_Your objective_. Print nothing but the lines below starting at the line that holds "GROSSMANN Basic LED-kattovalaisin, 6-lampp., alu" and ending at the line that holds "nidos-One-19-muebles-paco-caballero-512-5ccc1704c6702", including both, each exactly as written.

_Extracted data_.
____
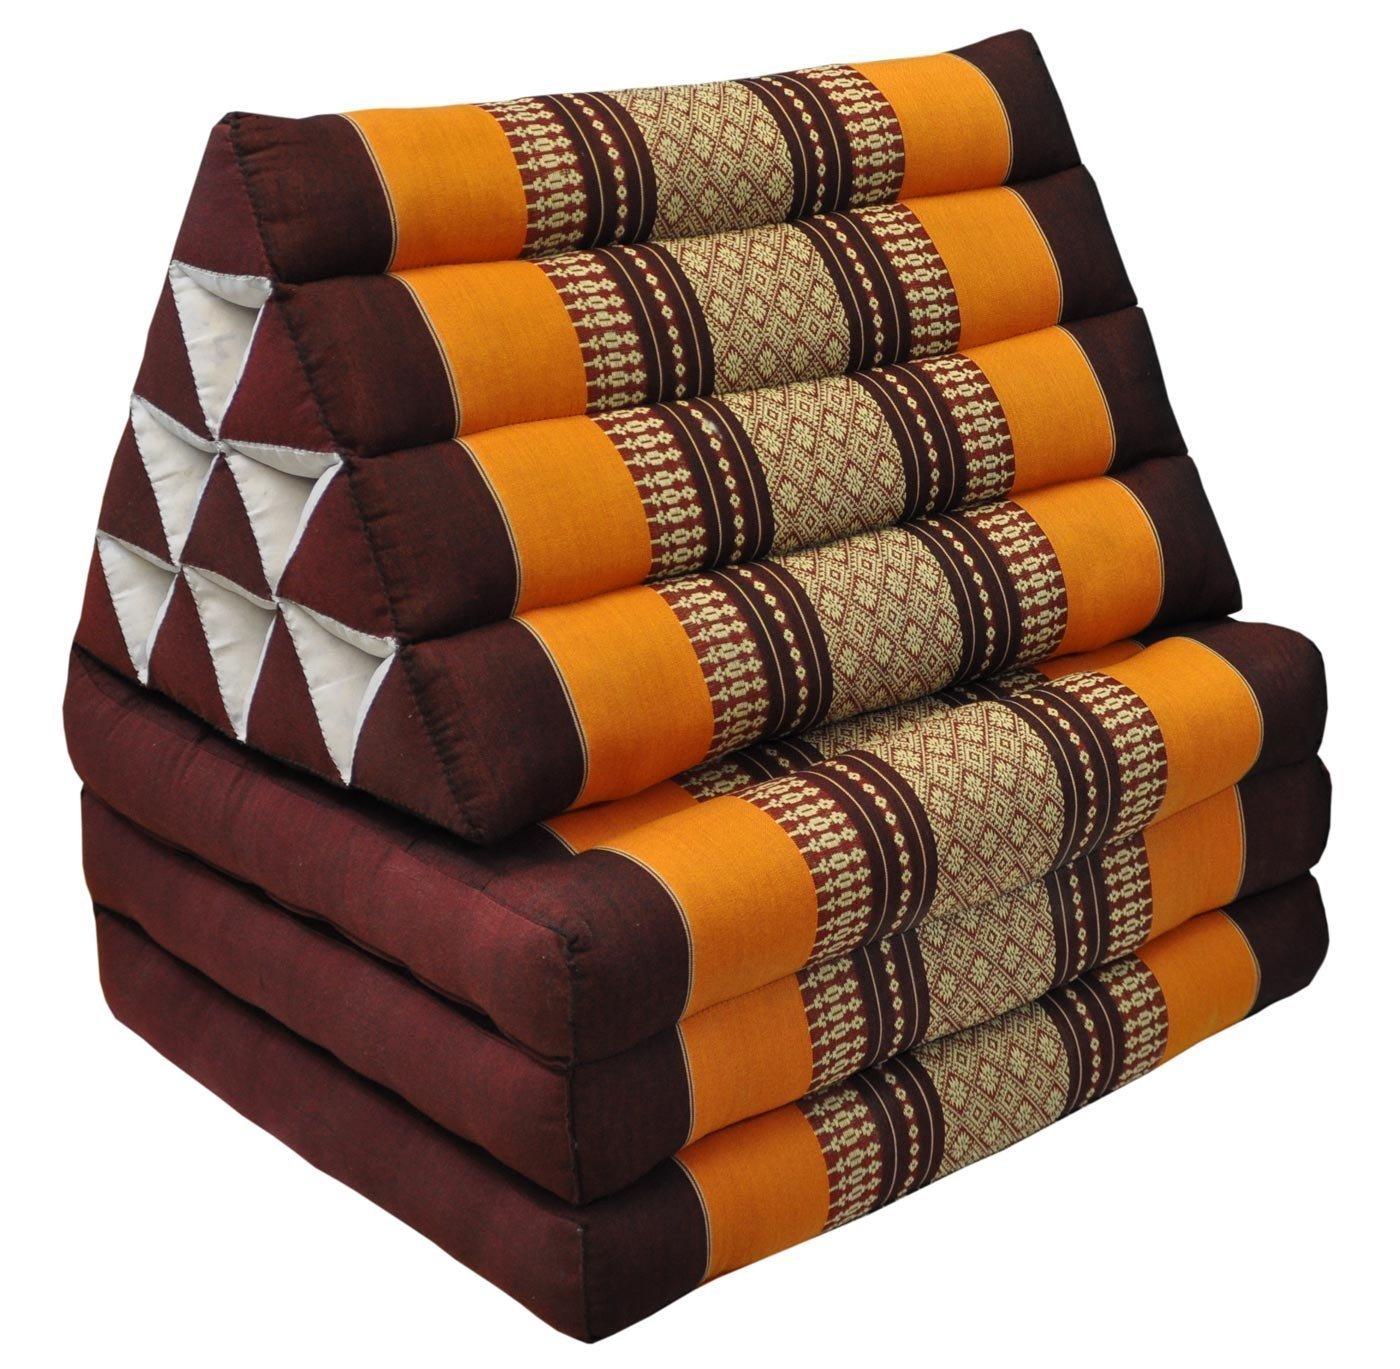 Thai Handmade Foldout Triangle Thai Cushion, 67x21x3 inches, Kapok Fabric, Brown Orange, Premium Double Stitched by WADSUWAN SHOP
____
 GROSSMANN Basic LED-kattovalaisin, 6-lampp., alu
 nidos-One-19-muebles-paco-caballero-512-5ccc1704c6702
____
_Result of this exercise_.
 GROSSMANN Basic LED-kattovalaisin, 6-lampp., alu
 nidos-One-19-muebles-paco-caballero-512-5ccc1704c6702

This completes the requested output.